Vector Quantization(VQ):

VQ is nothing more than “rounding off to the nearest integer.” It is also known as the centroid model. It was introduced in the year 1980 and it has its roots from data compression. It has many advantages:

  • speed up the recognition process

  • for lightweight practical use

  • ease of implementation.

Apart from these advantages, it can lead to loss of potential data.

In VQ, the signal vectors from a very large vector scale can be mapped on a finite region of space (Fig. 4). Every region of the space is known as “cluster” and is shown by a center called “codeword”. The group of these code words is known as a “codebook” [7].

In the figure are two different speakers on a two-dimensional space. Triangle refers to the vector from “speaker 1” while the circle refers to the vector from “speaker 2”. There are two phases in VQ. In the first phase which is also known as the training phase, a codebook is generated which is speaker specific for every single known speaker taking the training vectors in the database. The result of these code words is represented as the centroid of every triangle or circle as shown in the figure by Green Circles for “speaker 1” and Green Triangles for “speaker 2”.

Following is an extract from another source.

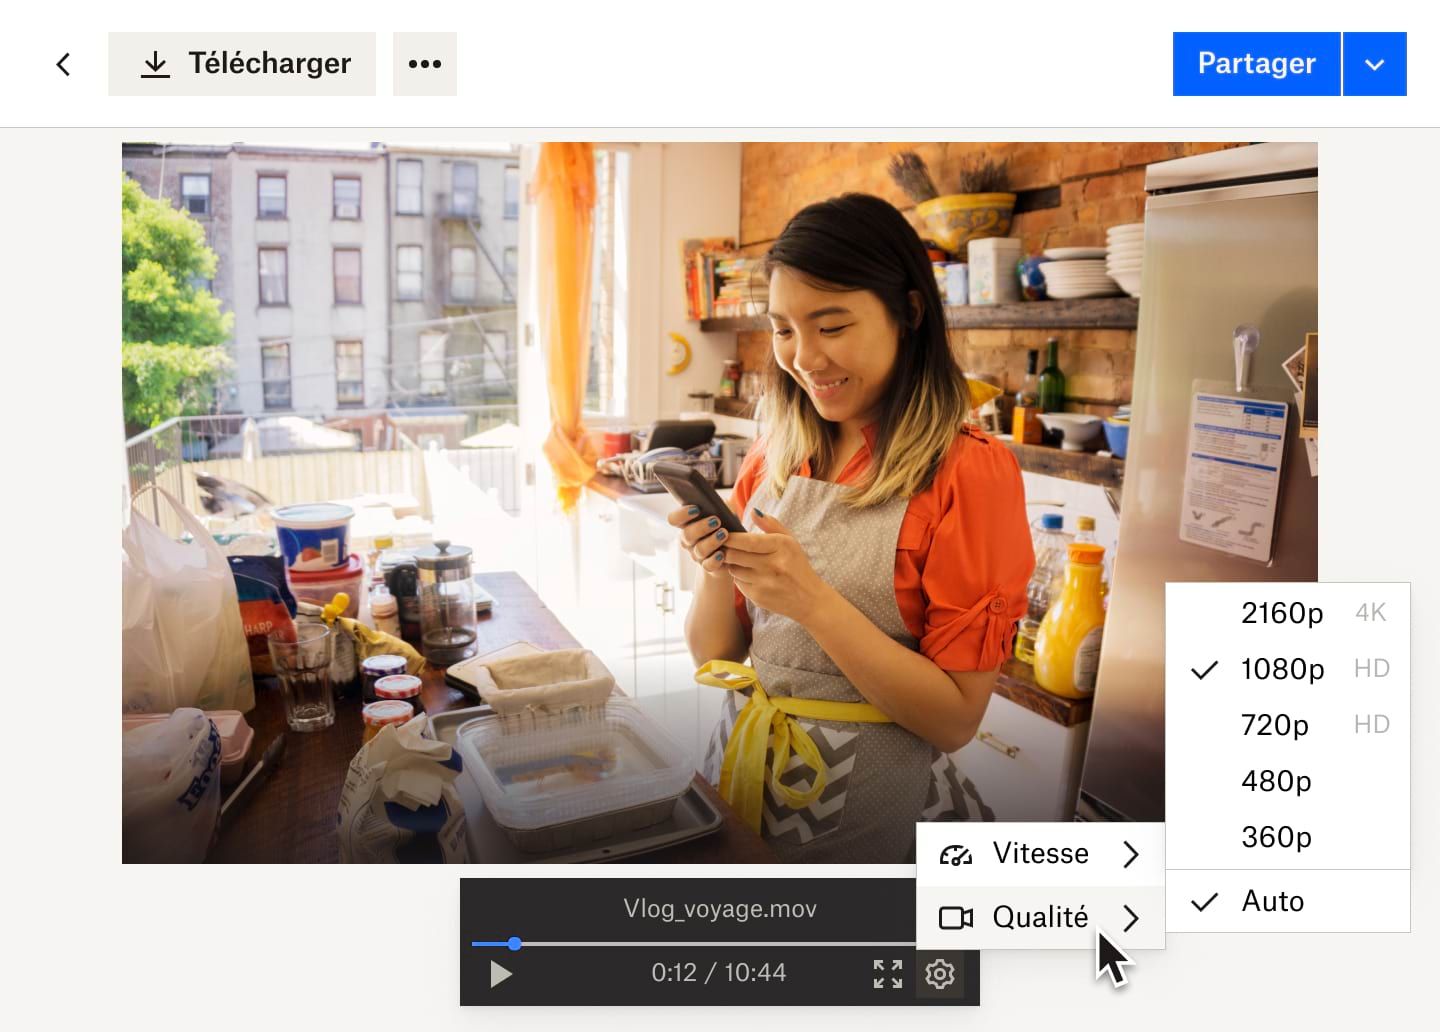 Menu déroulant du bouton “Paramètres” illustrant les options de vitesse et de qualité vidéo d'un fichier vidéo Dropbox montrant une femme qui travaille dans une boulangerie

In the second phase which is also known as the recognition phase, speech input signal is “vector quantized” using a trained codebook and the total VQ-distortion is computed. The speaker having the codebook with the least distortion is discovered.

5 Conclusion and Future Work

The main objective of this research is to analyze why the hybrid approach is better to use for feature extraction and how can vector quantization help in fast and accurate feature matching. This paper gives the detail about various feature extraction techniques and how hybrid approach is better than these techniques. It shows some of the advantages of the hybrid approach in the table.

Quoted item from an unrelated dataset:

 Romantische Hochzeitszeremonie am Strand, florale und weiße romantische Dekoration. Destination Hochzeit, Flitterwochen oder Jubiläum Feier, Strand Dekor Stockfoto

On the basis of the review, it is analyzed that the combination of techniques can help in achieving good results in a noisy environment also as variety of filters is used in hybrid approach. This hybrid approach is used for a flexible kind of environment.

For feature matching, vector quantization is used in which optimization is done which speeds up the recognition process. The future work is to develop an ASR System with high accuracy.